But if Callahan, who loved Mandy with a singleness of mind and heart and soul, could walk away from her to protect her, Cody could do the same with Keira. He could lock away his desire, place it where it wouldn’t put her at risk. Because a man whose emotions governed him grew careless of his surroundings, as he’d already proven. And he couldn’t afford to be careless, not where the team—not where Keira—was concerned.
“You’re right,” he told Callahan eventually, although he had to drag the words out. “Thanks.”
The other man shrugged. “I owed you” was all he said.
Cody started to ask for what, and then he remembered. A long drive in the dead of night with this man at his side, and a promise extracted from him against his will. A promise that he’d take care of Mandy if Callahan didn’t survive that night’s deadly encounter with David Pennington. A promise that would have destroyed Cody because he’d known by then that Mandy would never love him, could never love him as she loved Ryan Callahan. But he had promised.
God had been kind—Callahan had survived, and Cody had been spared the cruelest fate a man could face. Even being shot by Mandy wasn’t as bad as what could have happened to him.
And now there was Keira. He realized with a start that he finally understood where Callahan had been coming from when he’d forced that promise from him. Because if anything happened to him, if Keira was in danger and he wasn’t there to rescue her as he had once before...Cody couldn’t even bear to think of it.
Keira thought she was tough, and maybe she was. She could take care of herself under normal circumstances, maybe even under fire—she’d been a marine after all, same as him. But the New World Militia wasn’t a normal circumstance—not by a long shot. And wanting to protect her had absolutely nothing to do with whether or not she could protect herself.
His right hand clenched as coldness descended on him. Anyone who touched Keira was a dead man.
Chapter 9
Keira dumped the contents of three cans of beef stew and two cans of green beans into a large pot, placed it on a burner of the propane stove and watched it as it heated.

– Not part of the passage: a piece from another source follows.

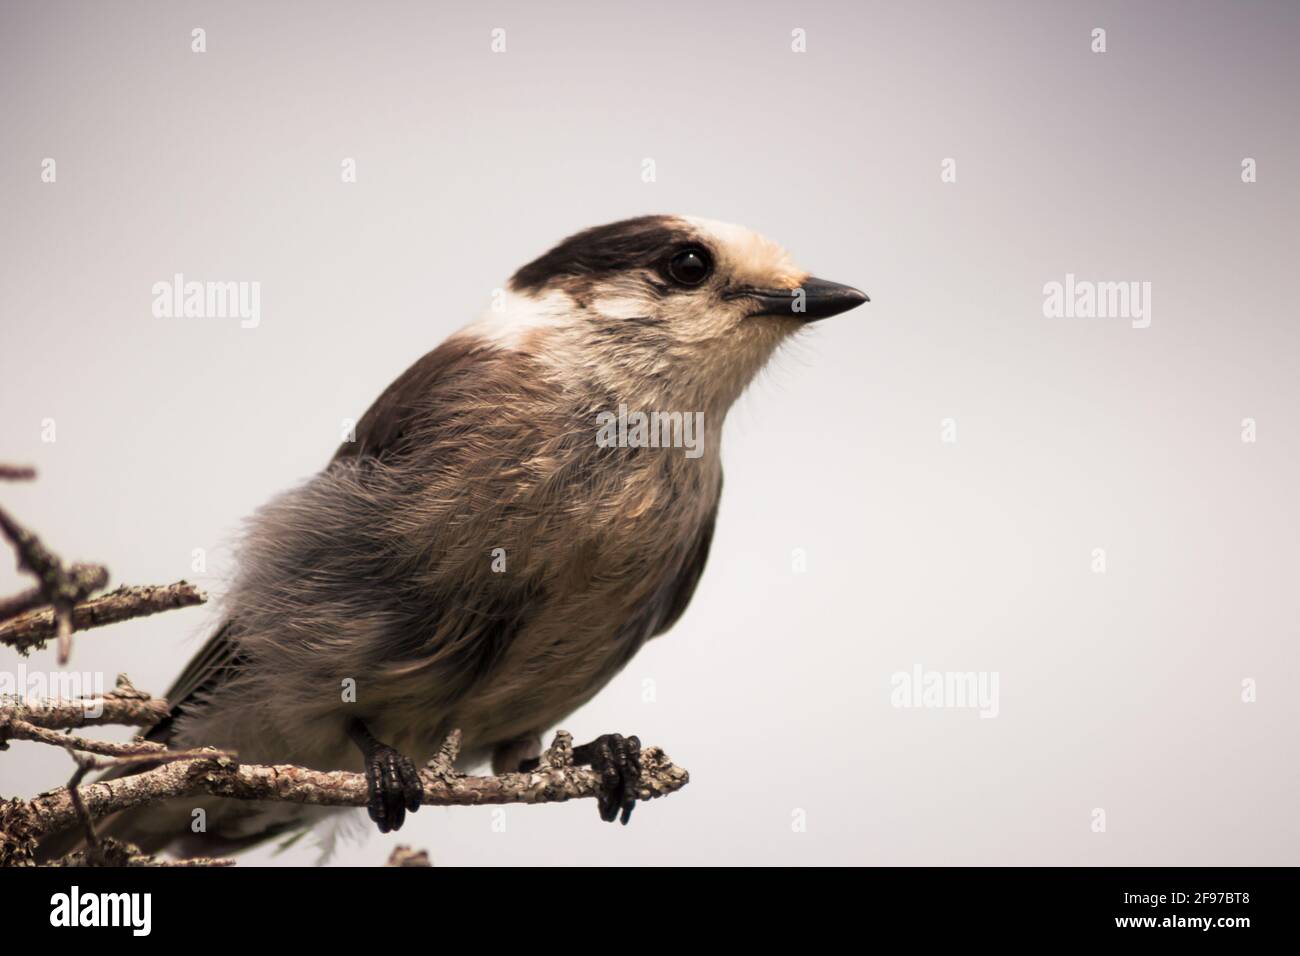 Un pájaro de Canada Jay encaramado en la rama de un árbol. AKA: canadá jay, gris jay, whisky jack, gris jay. Foto de stock

Most likely the men wouldn’t care she’d combined the cans, and it was faster this way, less to clean up afterward.
But she wasn’t thinking about the food, even as she stirred the pot. She was thinking about Cody. About his kiss. Kisses, she amended. The one outside that had roused her physically so that she hadn’t cared about anything but having him touch her. And the one in here that had roused such powerful emotions it had wreaked havoc on her heart.
Her body still ached with unrequited desire from both kisses. She hadn’t realized a woman could hurt that way, the way a man could. That her body could need fulfillment and release. And she hadn’t realized how deep the well of her own passion was. Cody had done that to her, had awakened desires that didn’t fit with the accusations thrown at her by back-to-back high-school boyfriends—that she was frigid, sexless. Accusations she’d come to believe and accept about herself. Until now.
Cody’s first kiss had awakened her body. His second kiss had awakened her heart. And while the first kiss had taught her what it meant to want a man, strong and virile, to hold her in his arms and ignite the fire, it was the second kiss she would remember forever.
At first she had tasted his contrition, but that hadn’t lasted long. Then she’d tasted his desire, and it was a potent aphrodisiac, taking her places she’d never dreamed of going. When Cody had kissed her, she’d had a vision of the two of them in the middle of nowhere, nothing but the blue sky above them. Then his golden head blotting out the sun, his vivid blue eyes alight with passion.
When he’d pulled her hips into his and she’d felt him against her softness, she had suddenly wanted to lie down with him looming over her, his lean, muscled body taut against hers. She had wanted to slide her hands across those muscles and make him tremble as he made her tremble. And she had wanted—needed—him inside her, driving for release, both his and hers.
Not sex. Any man could have given her that. She wanted Cody—his smile that melted her heart, as well as his passion that melted the ice. She wanted him to fill the emptiness inside, a place she hadn’t even known existed until he showed her what need was. She’d been that close to completely losing control, not caring where they were or who else was around. Then Ryan Callahan’s yawn had impinged on her consciousness, and she’d been shocked...and dismayed at herself.